The union described the current situation as “worrisome and unacceptable,” stressing that government inaction had left them with no alternative.

The union emphasised that the core of the dispute remains the non-implementation of the High-Level Body (HLB) Committee report on the adjusted CONHESS, which was submitted to the Presidential Committee on Salaries and Wages in 2022.

According to JOHESU, this demand has remained unresolved since January 2, 2014, when the government implemented a parallel adjustment for the Consolidated Medical Salary Structure (CONMESS), “in violation of the Collective Bargaining Agreement that established the two salary structures in the health sector in 2009.”

The statement lamented that “nothing has been done by successive administrations to redress this infraction,” adding that even after President Tinubu received a two-man JOHESU delegation in June 2023 and offered assurances, the demand was still ignored.

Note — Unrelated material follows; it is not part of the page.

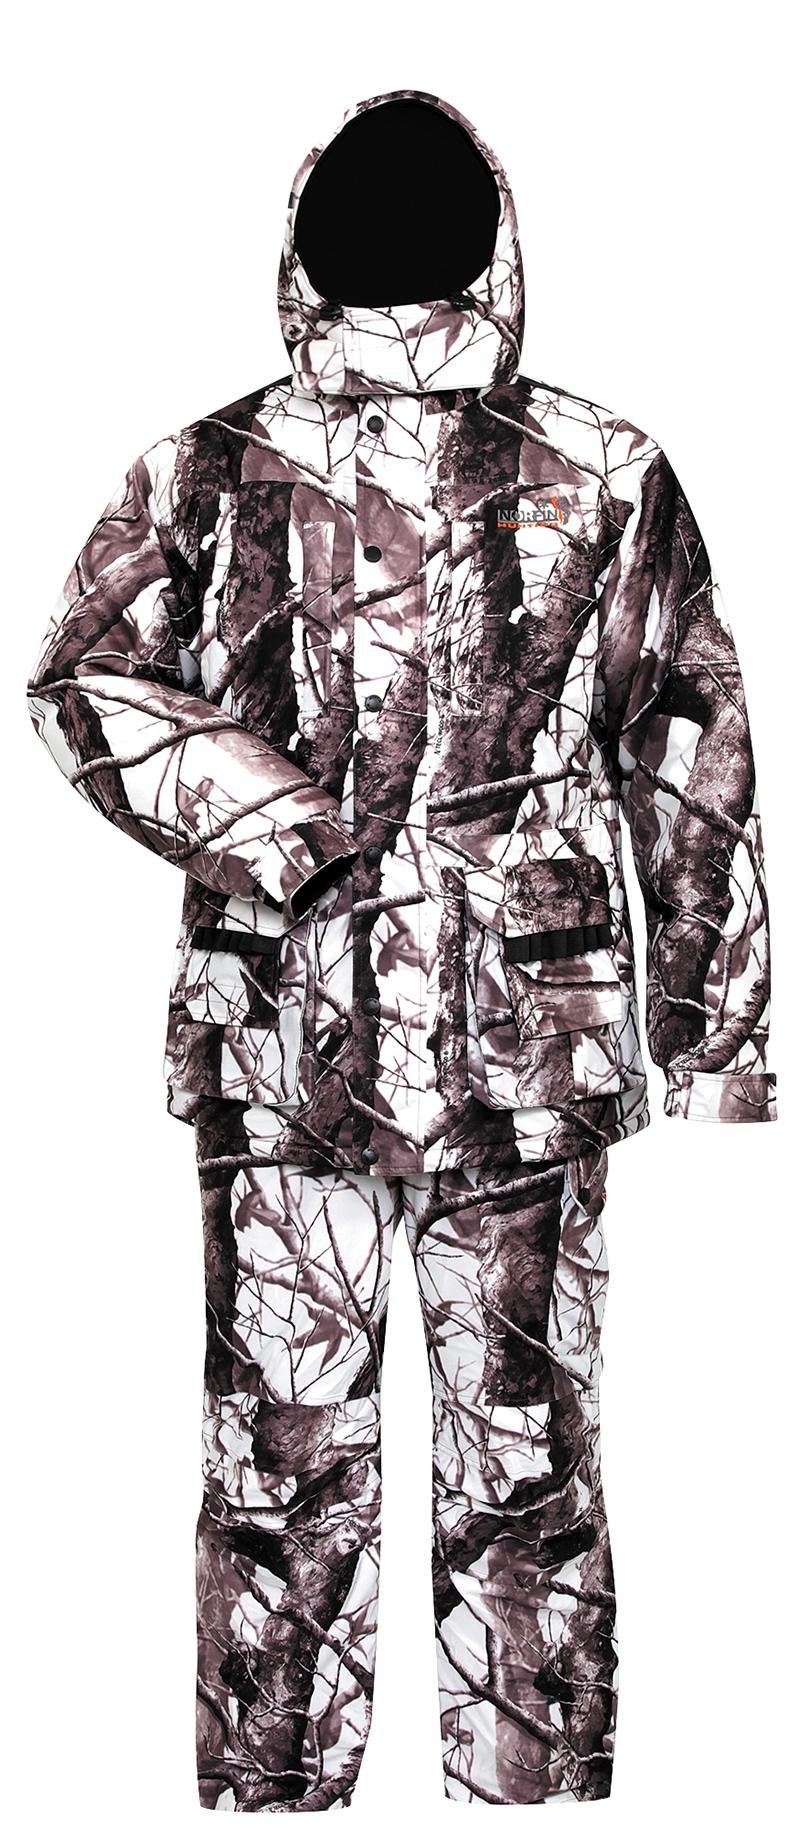 Костюм для охоты Norfin Hunting Wild, snow, S INT, 168-174 см фото

The unions said MDAs had repeatedly blamed the delay on the non-reconstitution of the Presidential Committee on Salaries, but asserted that “since the reconstitution of the PCS, the matter was not given priority attention until probably the last 48 hours when the Federal Government appears to have made practical moves to ameliorate the unpalatable delays which have pervaded for almost twelve years now.”

While expressing concern for ordinary Nigerians who will be affected, JOHESU said, “This situation is beyond our immediate control because of government inaction.”

The unions insisted that they had consistently prioritised social dialogue and had shown “maturity, selflessness and patriotism even in the face of extreme provocations and government’s long delay,” but now believe that “our maturity and patriotism have been taken for granted.”

The statement urged members to fully comply with the directive and warned that it “will not accept victimization of its members by the Government or any employer in the public health institutions across the country on account of this strike action, which is a dispute of right.